Akseli Gallen-Kallela focused on Finnish subject matter, but he developed his expression in close interaction with international modernists. One of these was Koloman Moser, who shared Gallen-Kallela’s interest in ‘total work of art’ (Gesamtkunstwerk) and the idea of equality between different art forms. Gallen-Kallela worked in Central Europe from 1895 to 1908, and participated in exhibitions presenting works by Secession groups in several cities in Germany, and twice in Vienna, in 1901 and 1904.

In addition to visual art, the exhibition includes photography and plenty of design: everyday objects, jewellery and fashion, such as a reform dress by the fashion designer Emilie Flöge. The new shape of the reform dress freed women from the ideal of the wasp waist and the tightness of corsets. Flöge (1874–1952) was an Austrian fashion designer and businesswoman, and the life companion of Gustav Klimt.

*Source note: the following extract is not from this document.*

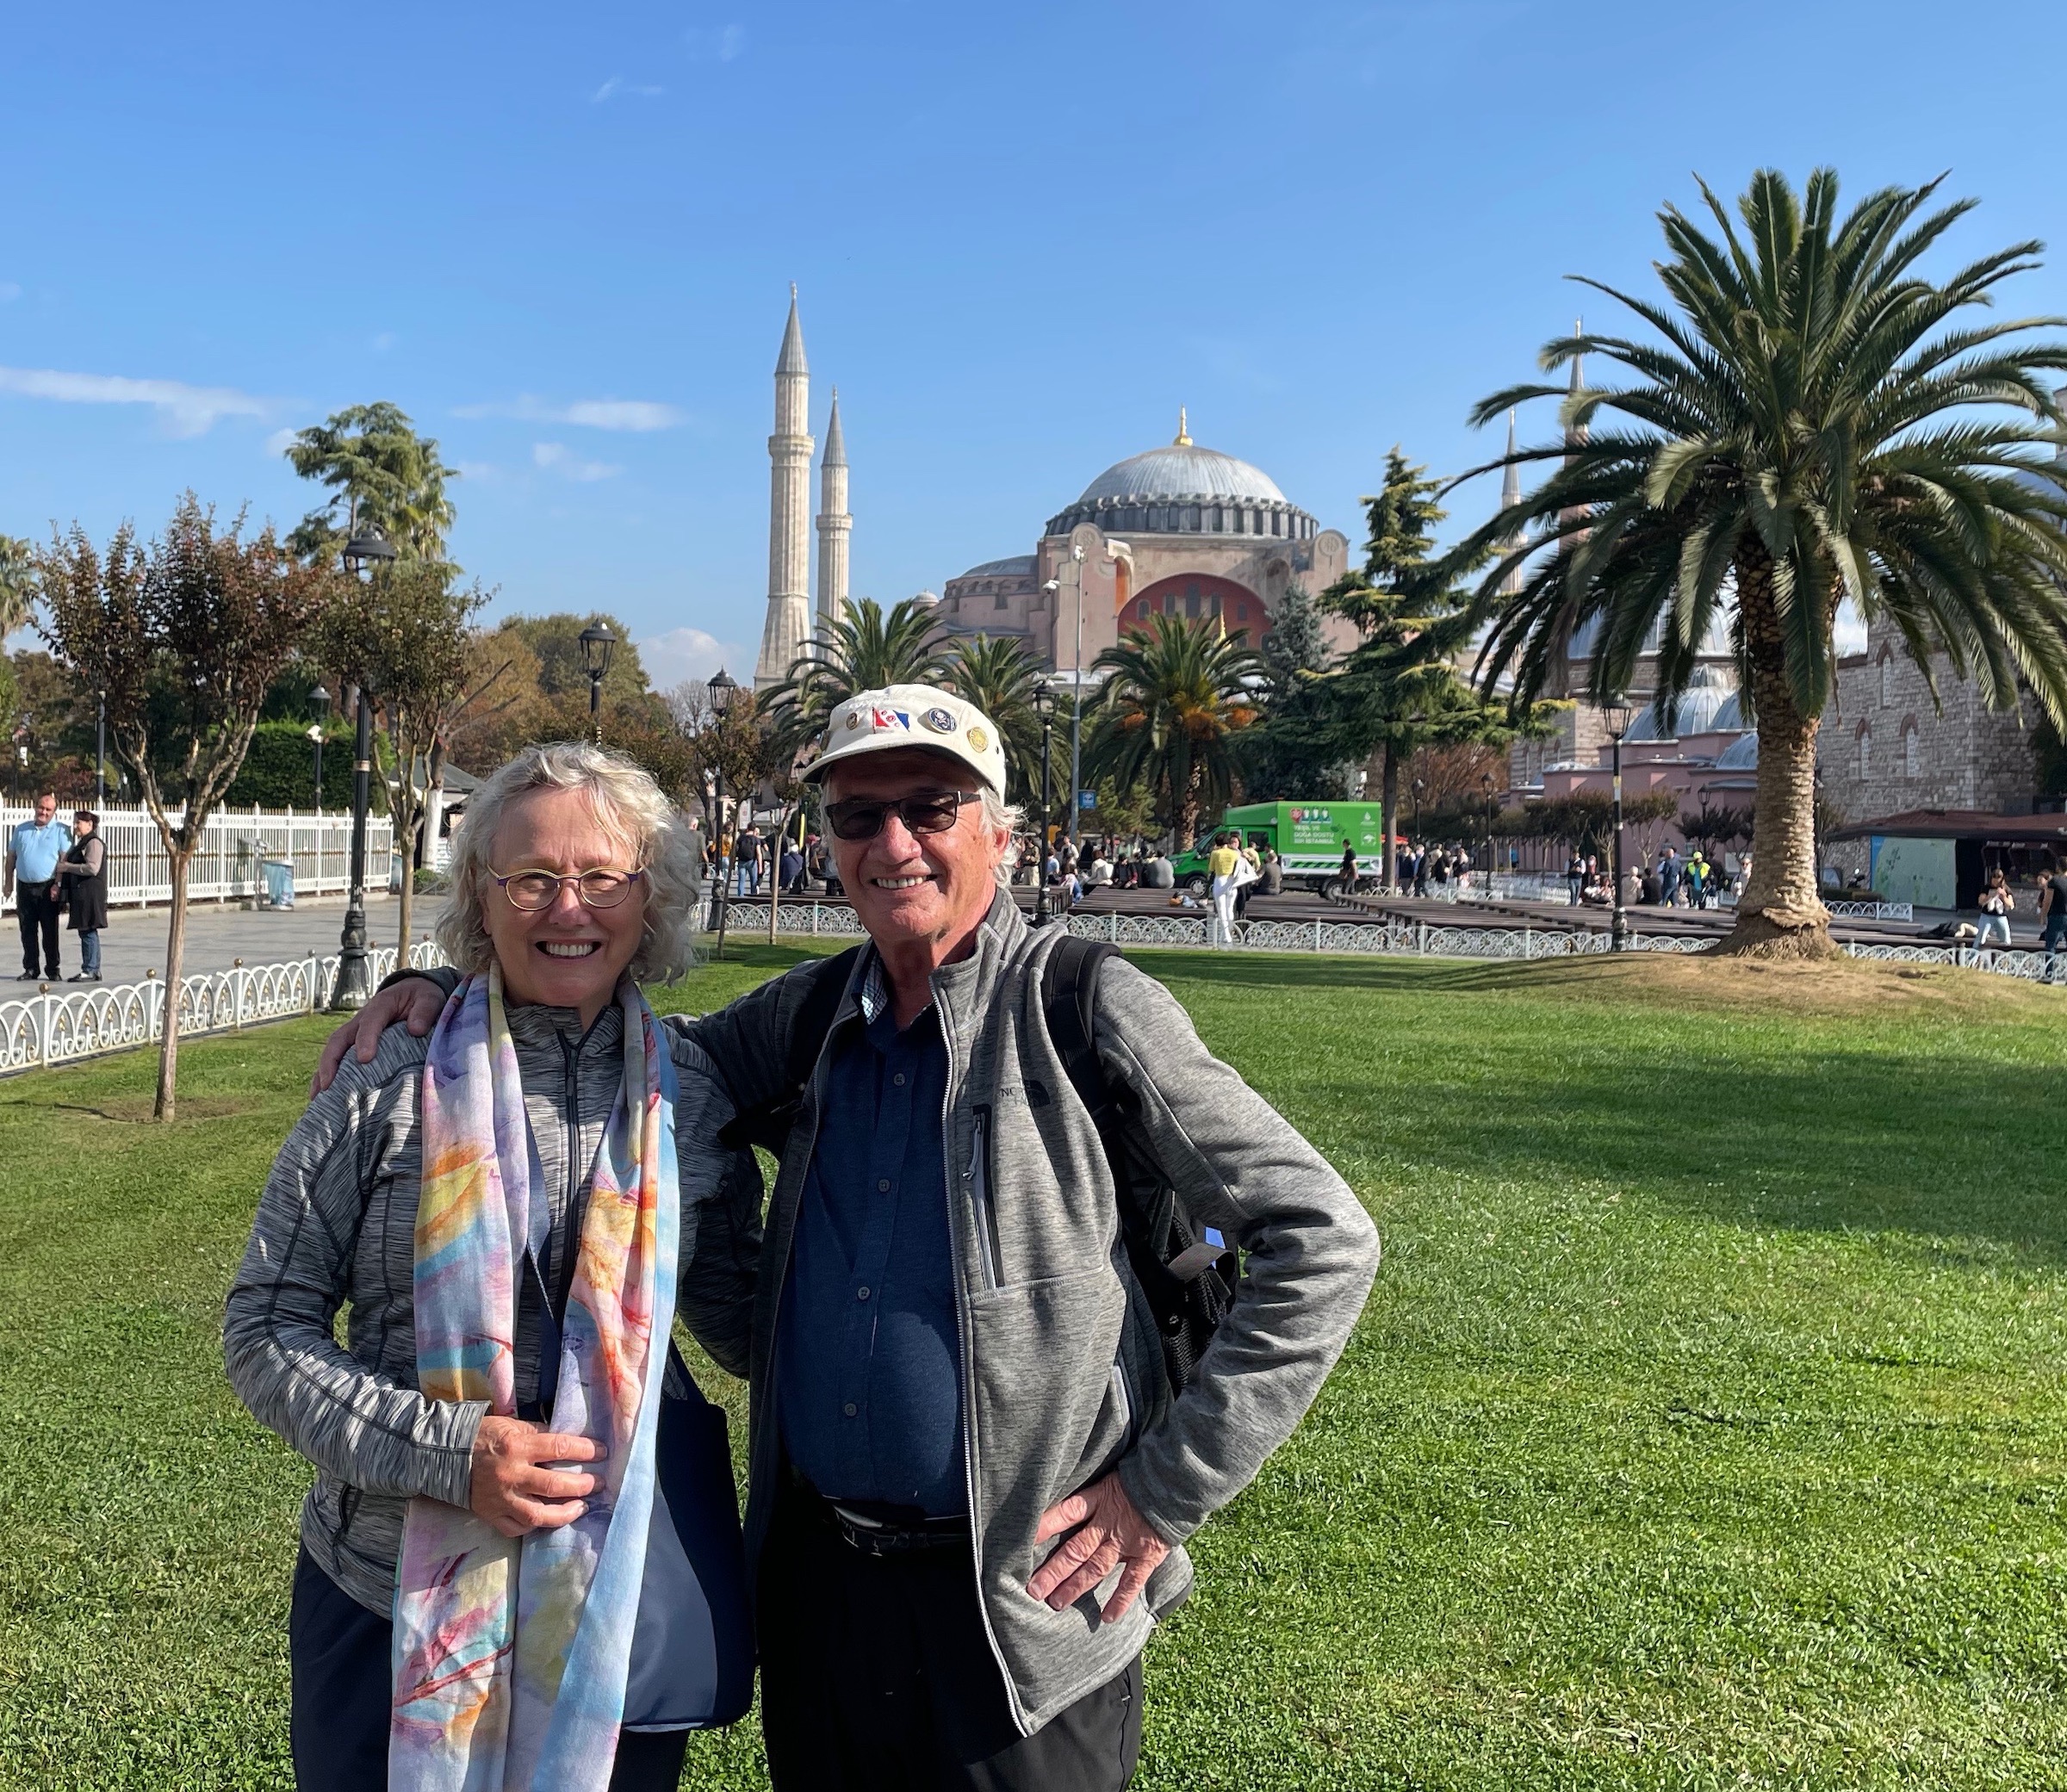 In Front of Hagia Sophia, the Sultanhamet

The exhibition features works, for example, by the following artists and designers: Emilie Flöge, Akseli Gallen-Kallela, Ferdinand Hodler, Josef Hoffmann, Gustav Klimt, Broncia Koller-Pinell, Max Kurzweil, Elena Luksch-Makowsky, Koloman Moser, and Edvard Munch.

The Gallen-Kallela, Klimt & Wien exhibition has been created in collaboration with the Belvedere Museum, Vienna. The exhibition is curated by the chief curator at the Ateneum, Anu Utriainen in cooperation with Arnika Groenewald-Schmidt, PhD (Belvedere Museum). The exhibition catalogue is published in Finnish, Swedish and English.